Si je suis élue Miss Cameroun 2015 je commencerai par rendre grâce au Seigneur pour m’avoir permis d’être accompagnée par de bonnes personnes ainsi que pour toutes les autres qui m’ont soutenue. Ensuite viendra la concrétisation de mon plan d’actions.

Quel est votre rêve le plus fou ?

Travailler aux nations unies, en tant que « fonctionnaire de l’information ».

Appréhendez-vous la rencontre avec les autres candidates ? Lesquelles d’entre elles vous paraissent déjà être des rivales potentielles ?

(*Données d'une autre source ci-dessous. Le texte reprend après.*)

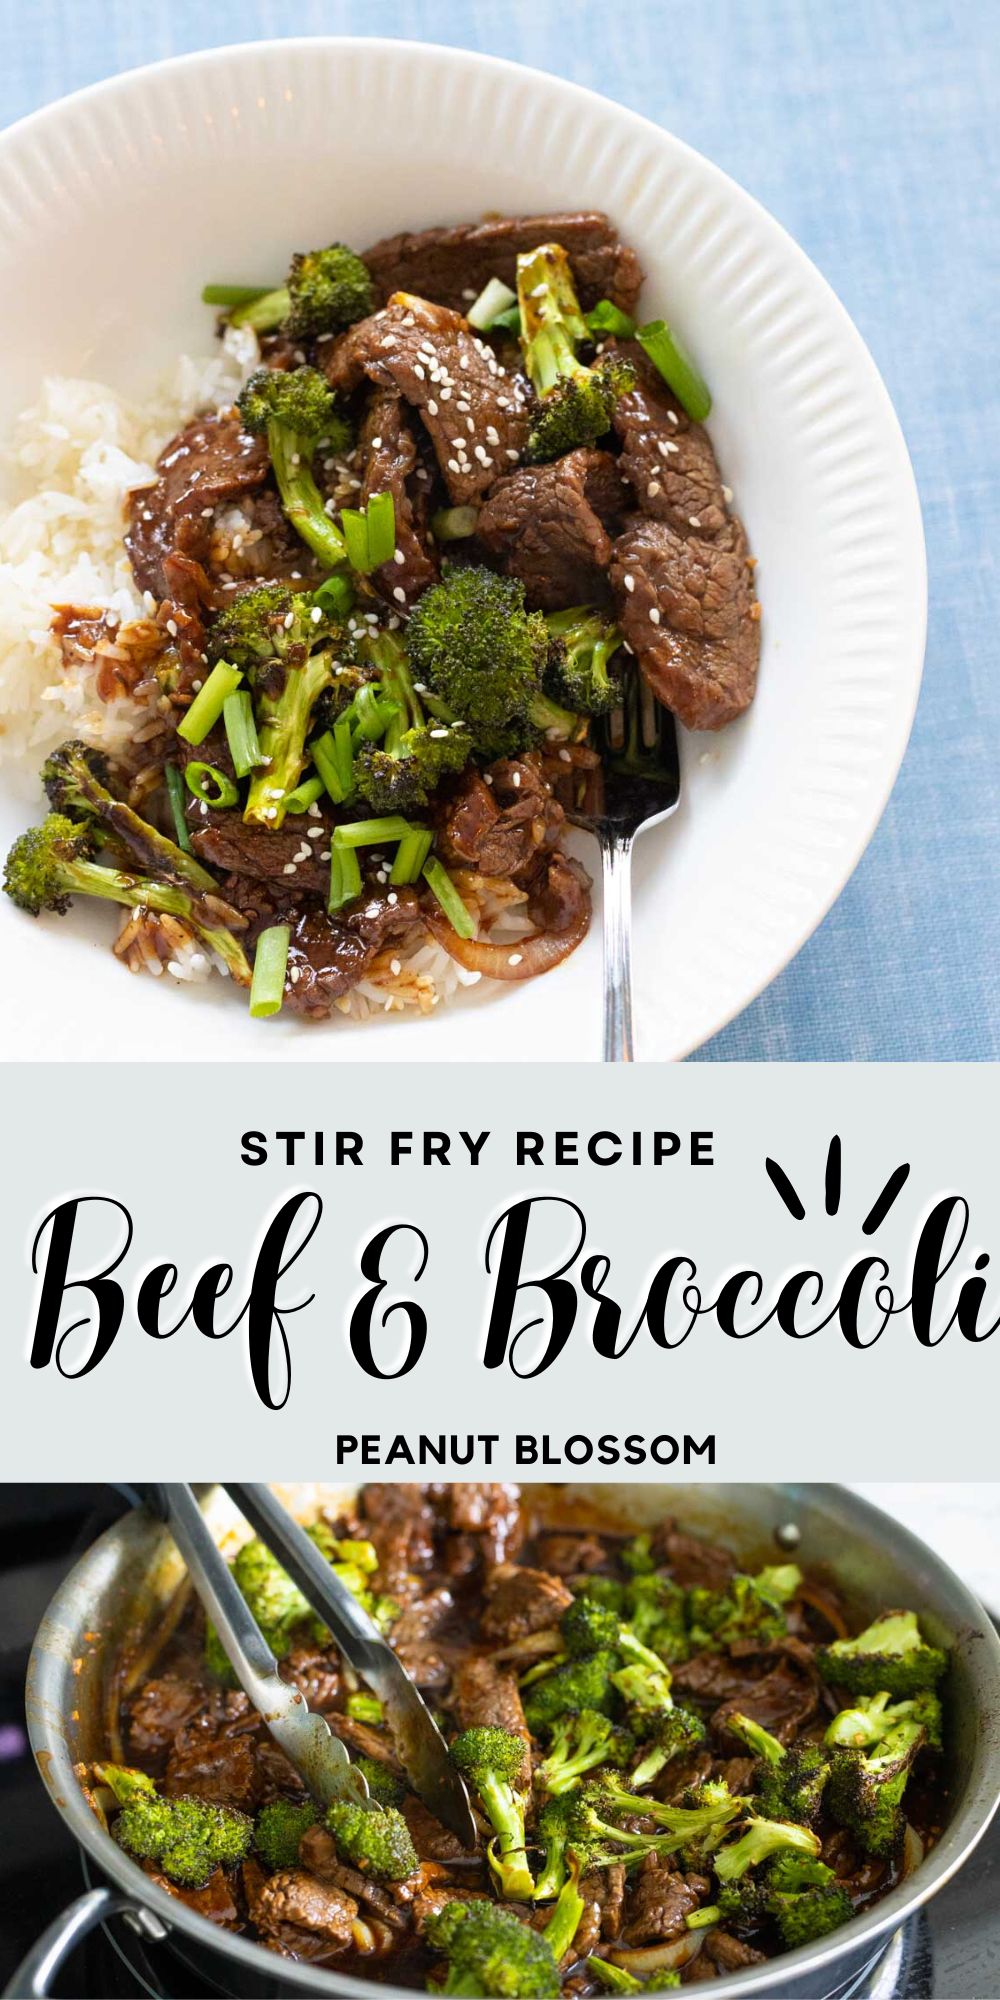 The photo collage shows the bowl of beef and broccoli over a bed of white rice next to a photo of the stir fry mix in the skillet on the stovetop.

Non, car je suis consciente que nous sommes dans une compétition et que si chacune est là c’est parce qu’elle recèle des atouts qui ont été prouvés et approuvés. Cependant,  au-delà du critère physique, chaque candidate a sa singularité, ses motivations et ses ambitions. Et c’est là que se situe la différence. Du fait que nous sommes toutes sur le même pied d’égalité, je ne les considère donc pas comme des « rivales » mais comme des concurrentes valables.

Jusqu’où seriez-vous prête à aller pour remporter le concours ?

Je suis prête à tout ce qui est faisable dans la mesure du possible et dans la limite de mes principes. Ceci dit je ne saurais me compromettre en aucune manière, bien qu’étant dans une compétition.